Hackers can disable your car's safety systems

Hacking Inner Car Systems

Hackers could disable a modern car's airbags and other safety systems, putting the driver and the passengers at grave risk, according to a new warning.

Researchers from security firm Trend Micro have revealed a flaw that could allow the controlling network of a connected car to be overloaded, allowing possible hackers to compromise key systems in the vehicle, including safety aspects.

Trend Micro's report claims that hackers could, with relative ease, overload the controller area network (CAN) standard, which the company says is used in "practically every light-duty vehicle currently in circulation today."

The system, which was developed in 1983 and pushed into production in 1989, can be overloaded by sending a huge amount of erroneous messages to push it into a Bus Off state, essentially turning it off.

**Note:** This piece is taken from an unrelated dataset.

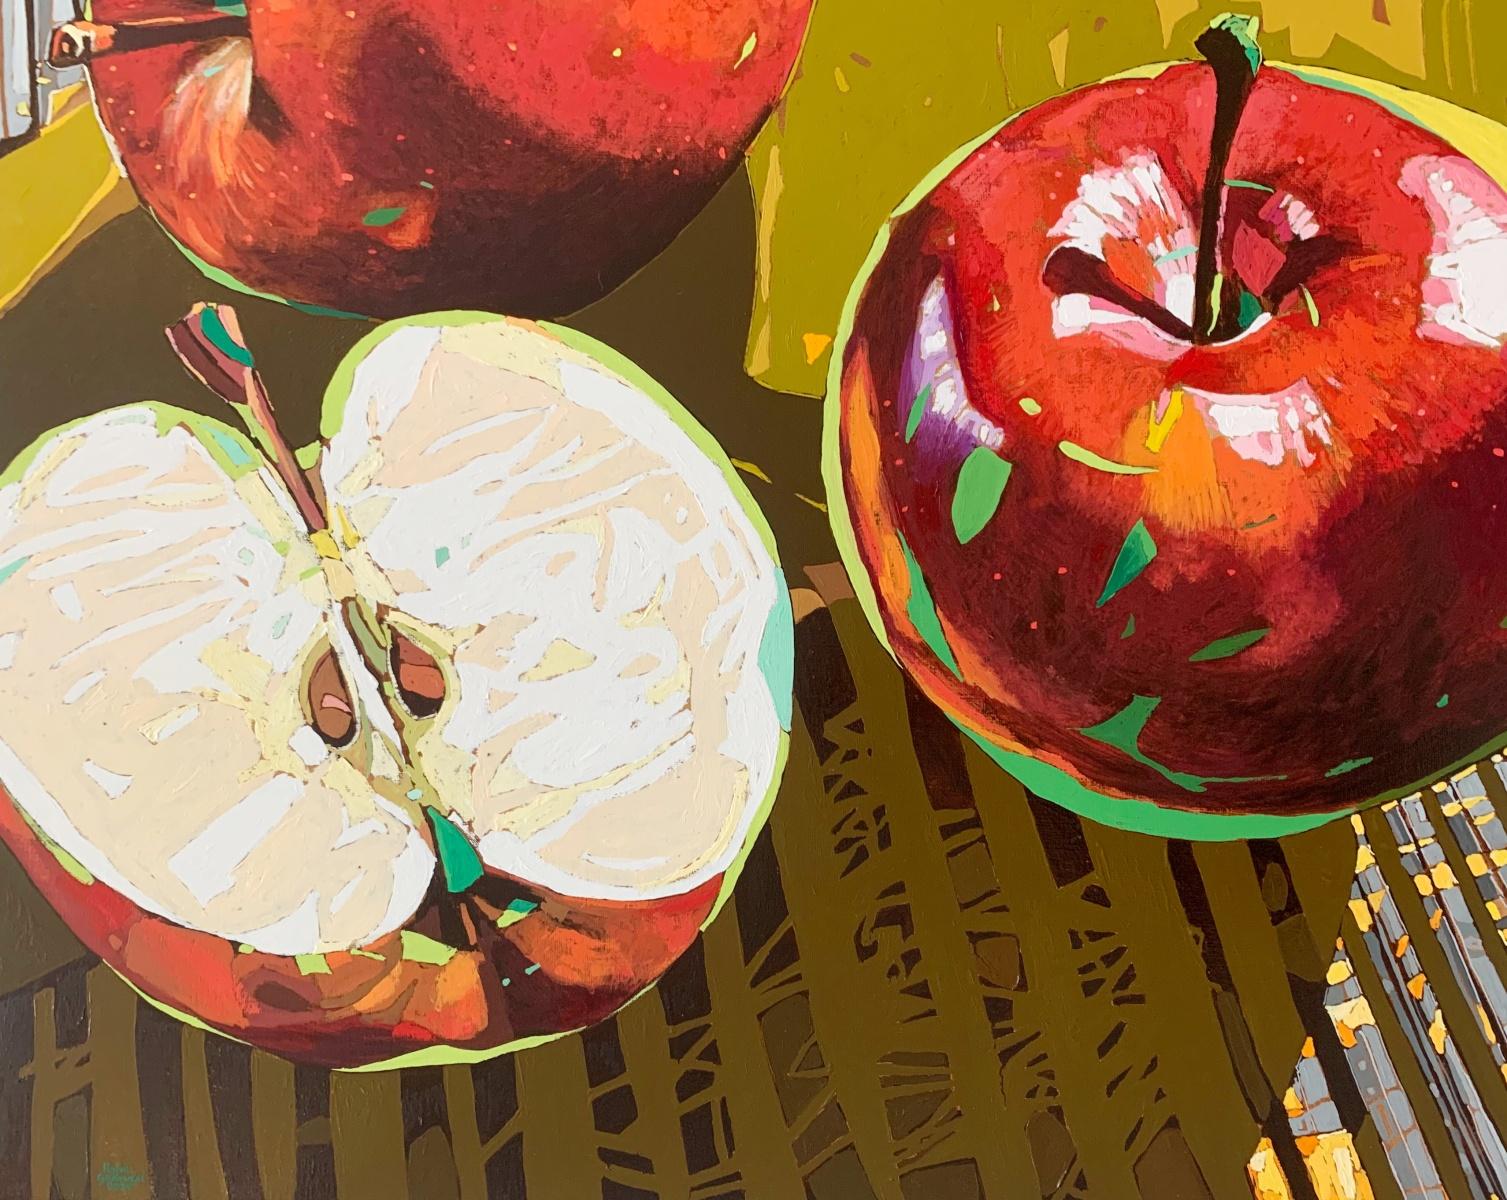 Zeitgenössisches figuratives Gemälde in Öl auf Leinwand des polnischen Künstlers Rafal Gadowski. Gemälde im Pop-Art-Stil, das Äpfel darstellt. Die Farben sind gesättigt und leuchtend. Der Titel dieses Gemäldes lautet

This would then allow hackers could turn off individual systems like airbags, or the antilock breaking system -- although the report adds that the hacker would need to be one of the passengers in order to make it work.

Scary as it may sound, the hacker would also need a "specially-crafted attack device" in order to make it work. And that device needs to be introduced via local access, meaning the hacker would need to be in the car. Trend Micro says the only way to eliminate the vulnerability is to make large changes to the standard used.

"Car manufacturers can only mitigate the attack we demonstrated by adopting specific network countermeasures, but cannot eliminate it entirely," the post said. "To eliminate the risk entirely, an updated CAN standard should be proposed, adopted, and implemented. This whole process would likely require another generation of vehicles."